• **TASK ITEM**
Below are the records; extract from them the line containing "Bán Ford Everest" to the line containing "かわいい FutureBass EDMの未再生の波形", both lines included, exactly and with no pictures.

• **AVAILABLE DATA**
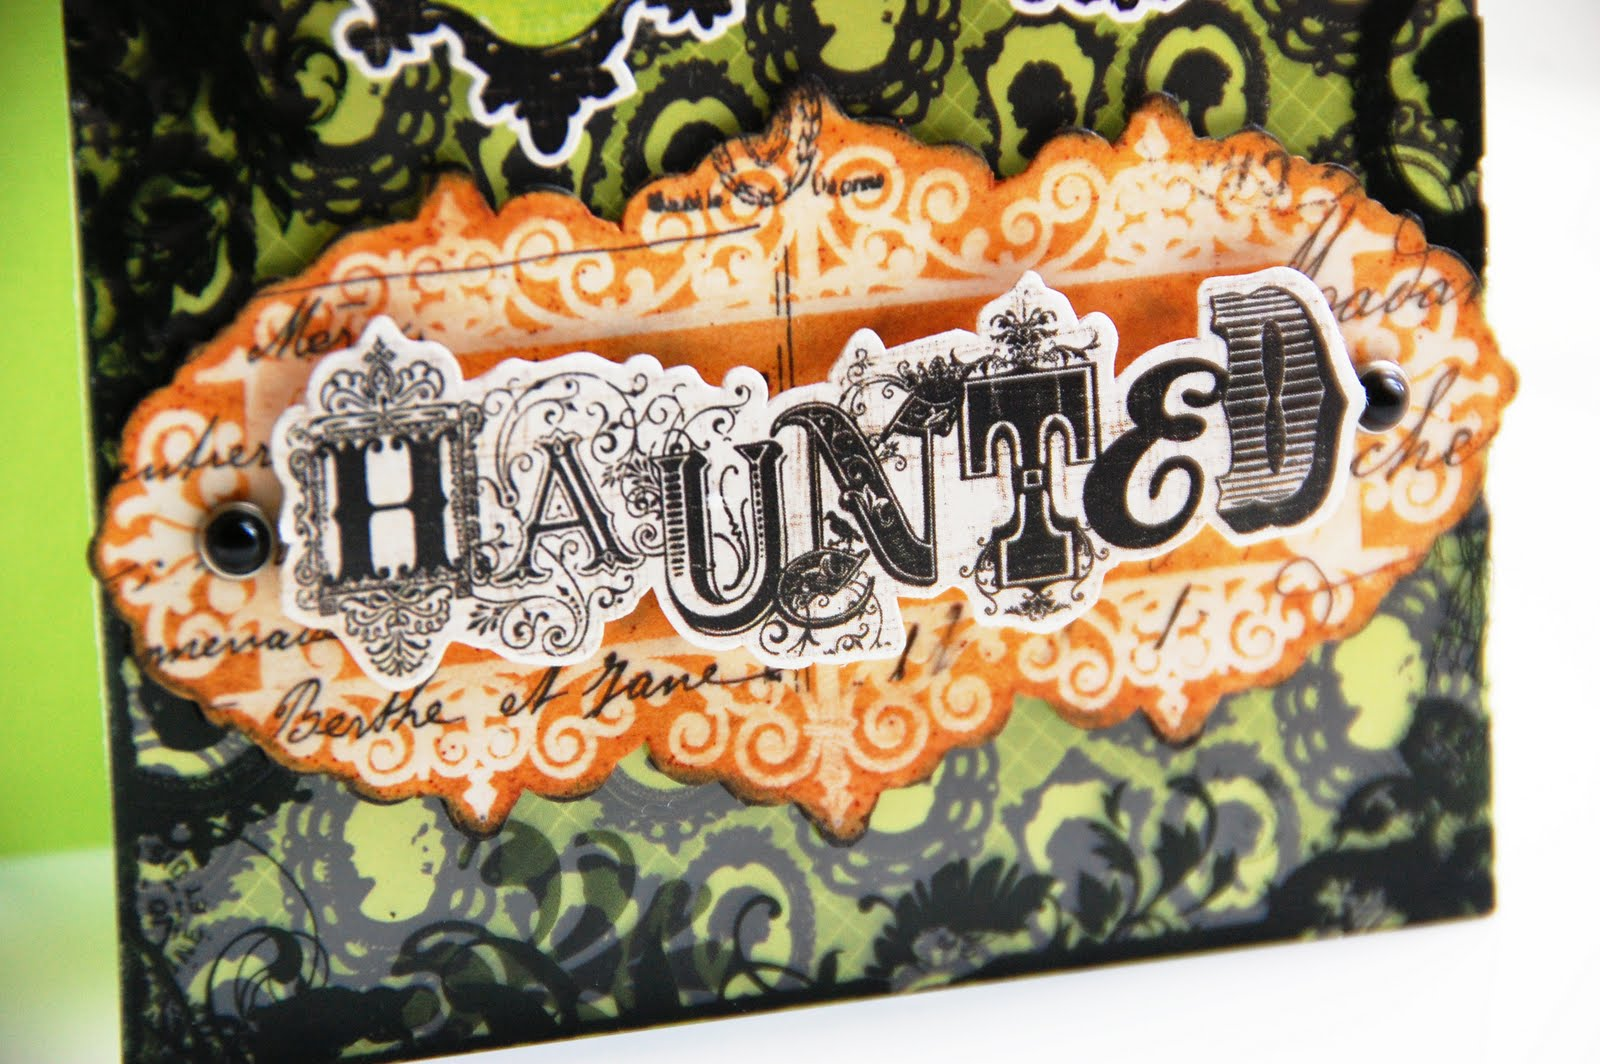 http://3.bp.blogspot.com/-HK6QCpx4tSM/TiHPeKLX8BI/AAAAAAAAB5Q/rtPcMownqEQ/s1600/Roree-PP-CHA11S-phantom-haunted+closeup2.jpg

...

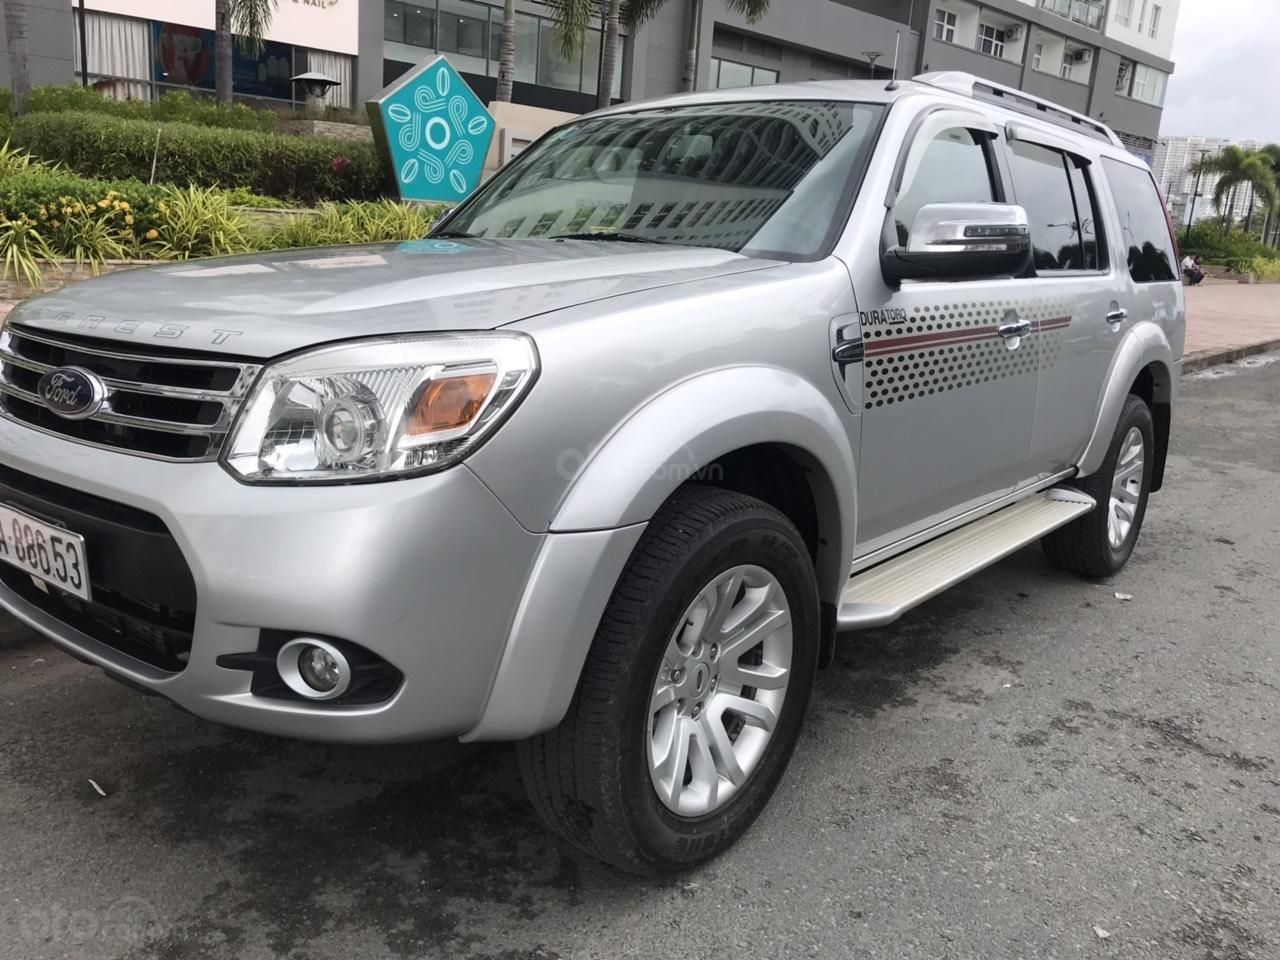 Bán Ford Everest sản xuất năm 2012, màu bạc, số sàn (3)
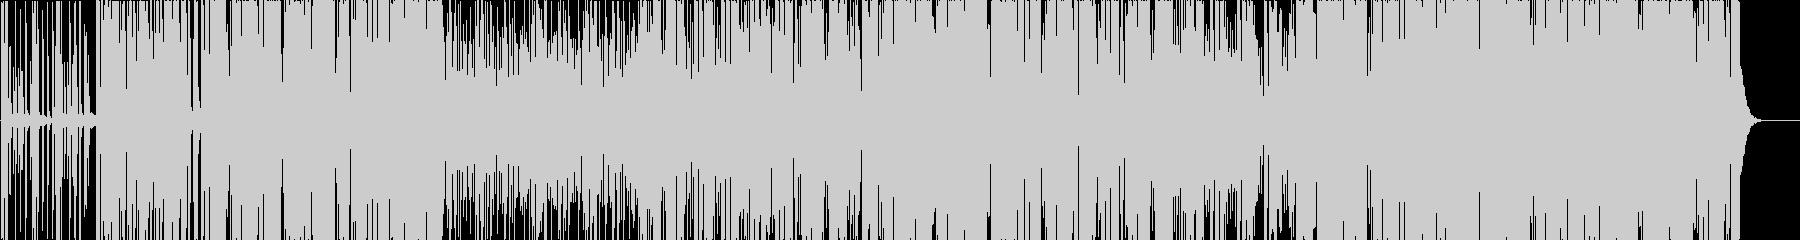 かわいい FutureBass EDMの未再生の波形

---

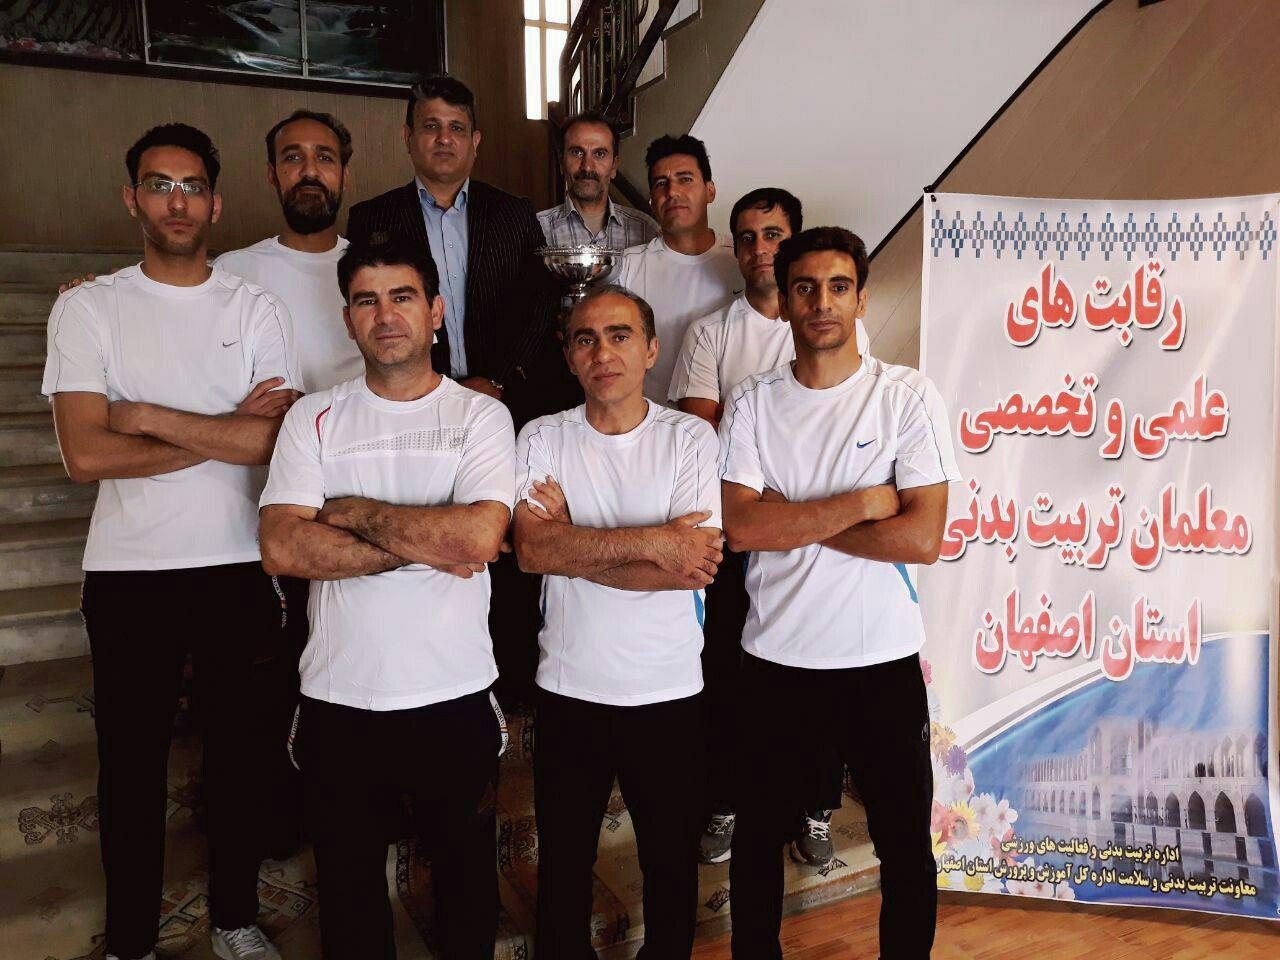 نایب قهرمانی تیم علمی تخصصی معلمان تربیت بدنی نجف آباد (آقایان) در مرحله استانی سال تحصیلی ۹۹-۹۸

• **RESPONSE TO THE TASK**
 Bán Ford Everest sản xuất năm 2012, màu bạc, số sàn (3)
 かわいい FutureBass EDMの未再生の波形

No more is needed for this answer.